The success of this work was largely because there was a known replacement: short-chain PFAScontaining materials. There was already research suggesting that short-chain PFAS-containing materials were an "easy" drop-in replacement, since data showed that they could produce a strong acid (a key ingredient that would provide similar performance and functionality to long-chain PFAS-containing materials) (Kim, Ayothi and Ober 2005). In addition, the industry, as well as regulatory agencies, believed that short-chain PFAS-containing materials were safer than long-chain chemicals. According to Hand, unlike PFOS, a short-chain PFAS such as perfluorobutane sulfonic acid (PFBS) had been classified as an insignificant hazard by the U.S. National Institute of Occupational Safety and Health and required no label warning by the EU in 2003 (Hand 2003). There was not concern regarding PFBS in the early 2000s like there is now (United States Environmental Protection Agency 2021).

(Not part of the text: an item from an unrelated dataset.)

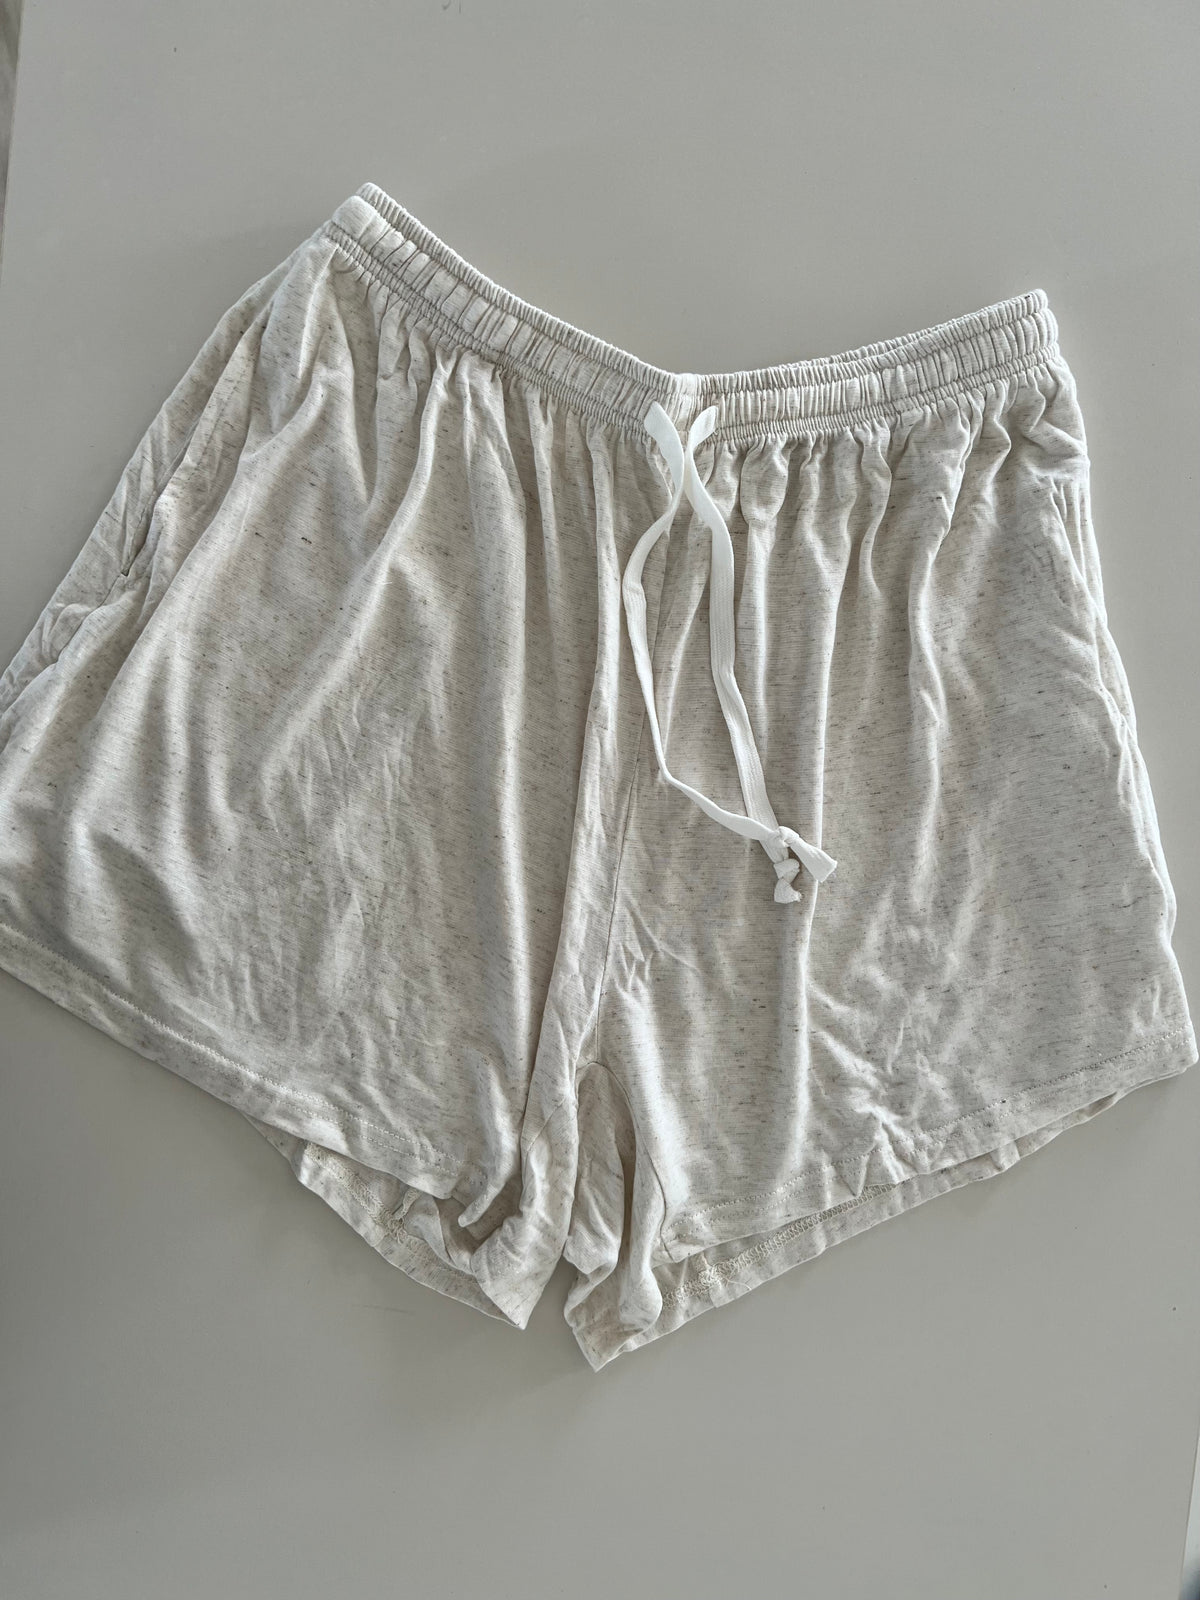 Ladies linen rayon shorts size M/L (seconds)
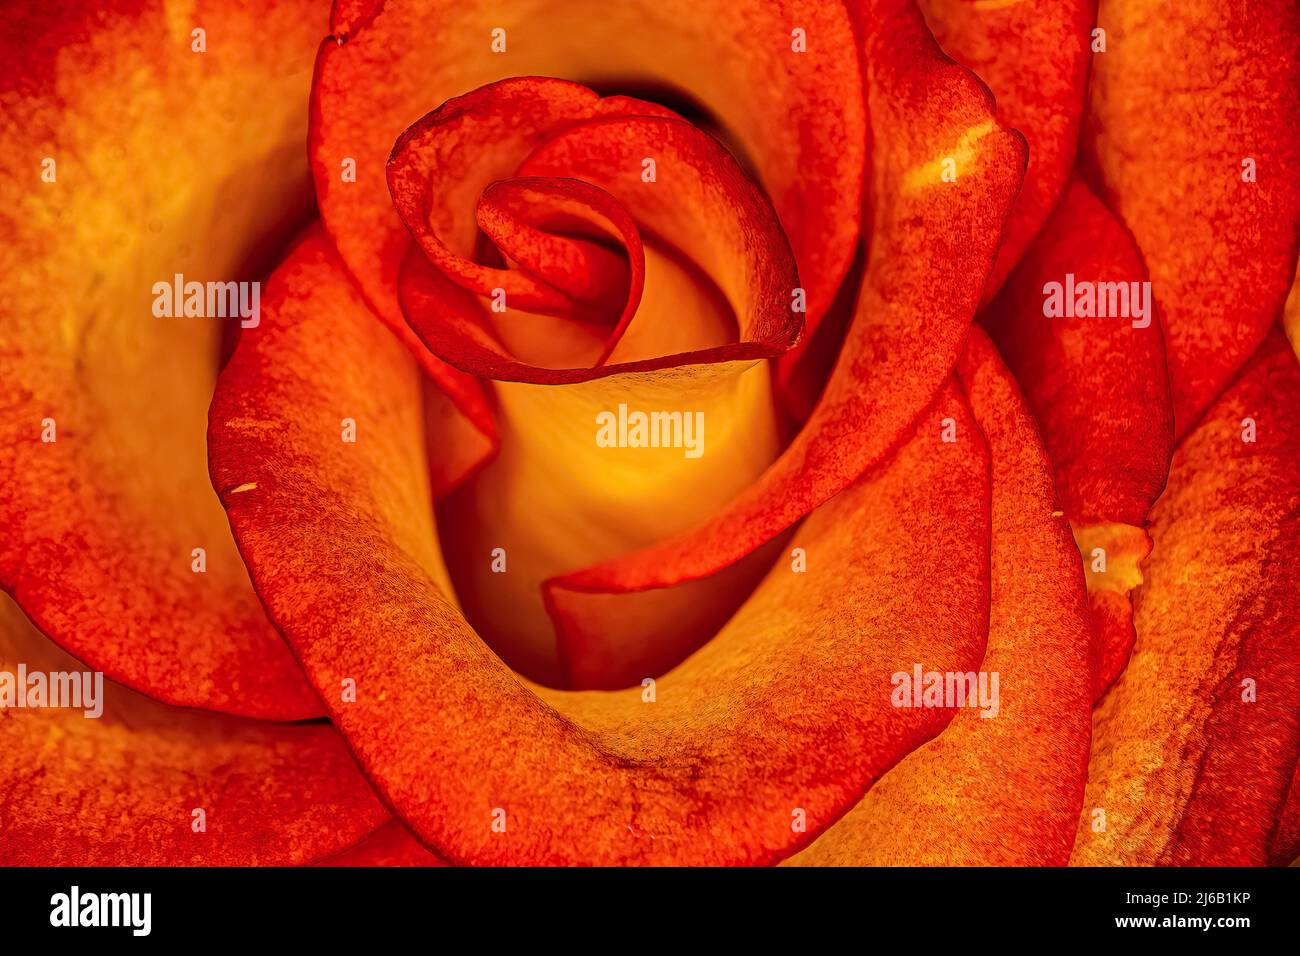 Eine wunderschöne rote Rose mit einem warmen gelben Licht, das sie zum Leuchten bringt Stockfoto

After identifying replacements, material qualification and integration occurred across several chemical suppliers and multiple semiconductor device makers. This case study focuses on the technical challenges that both parties encountered during the replacement. Chemical suppliers did a significant amount of work before introducing the replacement to semiconductor device makers, including proving that these replacements provided performance equal to the original product.
Subsequently, semiconductor device makers executed these replacements in high-volume manufacturing fabrication plants across multiple chronological technology processes. The efforts were wide scale, since replacements per node took six months to two years to execute. A failed replacement required the investigation of other samples through an iterative process. It was not an easy task, and results varied by technology node and customer.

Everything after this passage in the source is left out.